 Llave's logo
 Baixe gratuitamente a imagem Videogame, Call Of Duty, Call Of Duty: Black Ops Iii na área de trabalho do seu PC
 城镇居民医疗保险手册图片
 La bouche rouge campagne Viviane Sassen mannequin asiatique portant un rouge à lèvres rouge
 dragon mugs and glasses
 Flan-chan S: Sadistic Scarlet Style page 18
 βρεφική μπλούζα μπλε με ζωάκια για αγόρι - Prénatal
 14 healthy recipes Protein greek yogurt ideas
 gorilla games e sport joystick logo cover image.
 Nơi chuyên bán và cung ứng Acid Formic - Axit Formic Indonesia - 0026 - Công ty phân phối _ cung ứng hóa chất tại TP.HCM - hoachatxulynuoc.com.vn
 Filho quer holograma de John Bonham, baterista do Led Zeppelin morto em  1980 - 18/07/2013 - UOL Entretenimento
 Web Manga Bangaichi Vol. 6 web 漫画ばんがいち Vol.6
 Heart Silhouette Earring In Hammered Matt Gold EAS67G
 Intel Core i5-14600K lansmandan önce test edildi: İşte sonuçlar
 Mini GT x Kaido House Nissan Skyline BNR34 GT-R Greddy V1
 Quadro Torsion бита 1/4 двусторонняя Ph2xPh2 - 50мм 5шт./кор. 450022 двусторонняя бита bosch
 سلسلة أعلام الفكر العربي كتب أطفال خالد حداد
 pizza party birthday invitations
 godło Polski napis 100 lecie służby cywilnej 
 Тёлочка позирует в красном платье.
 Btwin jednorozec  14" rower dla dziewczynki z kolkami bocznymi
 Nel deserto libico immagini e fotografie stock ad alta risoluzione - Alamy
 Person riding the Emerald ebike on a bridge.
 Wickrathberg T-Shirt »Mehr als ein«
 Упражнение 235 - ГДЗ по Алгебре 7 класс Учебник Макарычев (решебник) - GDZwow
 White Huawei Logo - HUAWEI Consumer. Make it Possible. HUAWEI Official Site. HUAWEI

(Exercise):
Your answer should be the exact lines above from the one with "dragon mugs and glasses" through the one with "Nơi chuyên bán", both included, and nothing besides.

(Exercise answer):
 dragon mugs and glasses
 Flan-chan S: Sadistic Scarlet Style page 18
 βρεφική μπλούζα μπλε με ζωάκια για αγόρι - Prénatal
 14 healthy recipes Protein greek yogurt ideas
 gorilla games e sport joystick logo cover image.
 Nơi chuyên bán và cung ứng Acid Formic - Axit Formic Indonesia - 0026 - Công ty phân phối _ cung ứng hóa chất tại TP.HCM - hoachatxulynuoc.com.vn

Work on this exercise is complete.